How to encourage and incentivise the right kind of innovation? Innovation for innovation’s sake isn’t necessarily valuable or even particularly beneficial.

To put it another way, not all innovations are created equally – so can government-backed incentives encourage innovations that are actually useful and of high quality?

In 2006 the Chinese government launched a nationwide campaign to develop an “innovation-oriented” society, aimed at moving China’s economy from being a manufacturing powerhouse to the next stage of value creation.

Increasing spending on research and development (R&D), rapid advances in technology and China’s growing linkages with other global economies were all factors that would help to support this effort.

In order to spur the process along, the government campaign introduced an incentives policy to reward domestic Chinese firms for indigenous innovation, based on the number of patents they produced.

The result has been a surge in Chinese patenting. Data from the World Intellectual Property Organization (WIPO) showed that by 2012, China had overtaken the US in terms of the total number of patents filed domestically.

But how novel are these innovations?

In a study published in the Academy of Management Journal[1] we found that for Chinese state-owned firms in particular, the sharp increase in quantity of patents resulting from the policy actually led to a reduction in quality of the patents.

This puts into question the effectiveness of government or state-led efforts to promote innovation through such incentives.

For our study we looked at data between 2000 and 2012 on all Chinese domestic patents and the governance information of publicly listed state-owned firms.
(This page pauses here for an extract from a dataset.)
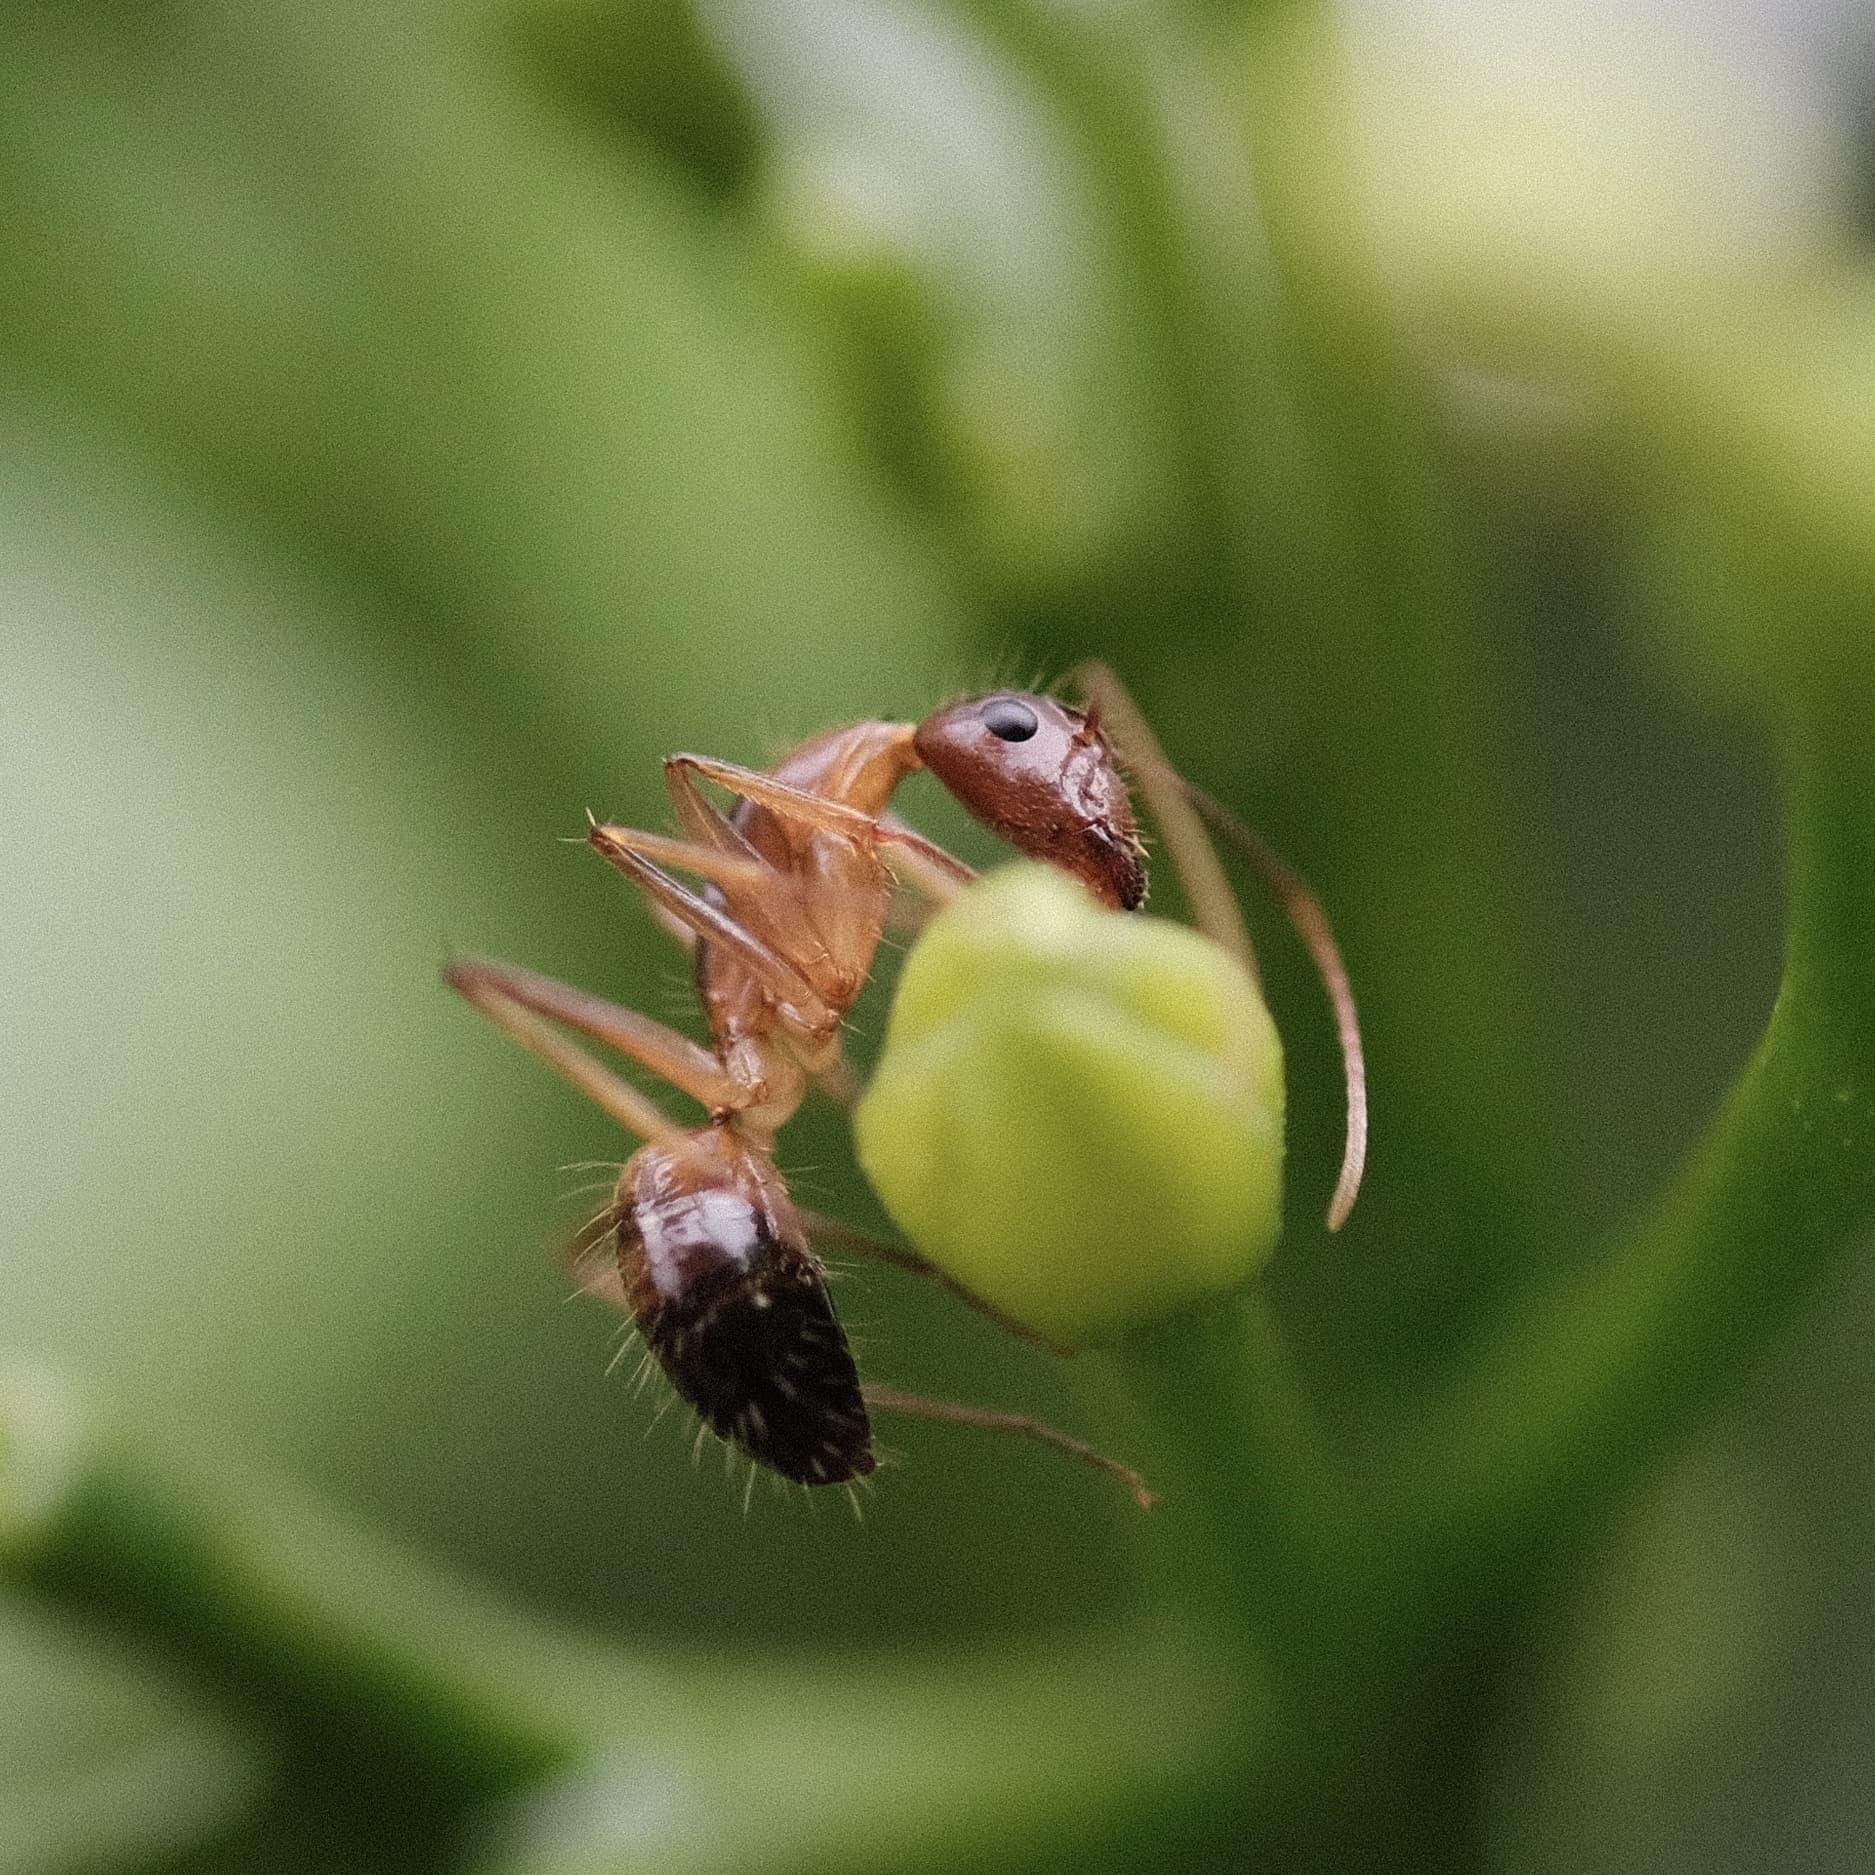 sample insect 60mm f/2.4 macro fuji

This covered the period for six years before and six years after the innovation incentives policy was introduced.

In particular, we wanted to focus on how the corporate governance of different firms affected their production of patents in response to the government’s pro-innovation incentives.
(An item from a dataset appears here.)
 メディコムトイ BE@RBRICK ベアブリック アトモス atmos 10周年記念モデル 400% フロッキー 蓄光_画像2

What we found was that whilst the total number of patents produced by firms increased sharply after the 2006 policy change, significant variations emerged between firms.

Drilling deeper we found that the firms that suffered most from personal interests produced the largest numbers of patents but with the least novelty, comparing the periods after and before the policy change.

[1] Jia, N., Huang, K.G.* and Zhang, C.M. (2019). Public governance, corporate governance and firm innovation: An examination of state-owned enterprises. Academy of Management Journal, 62(1): 220-247.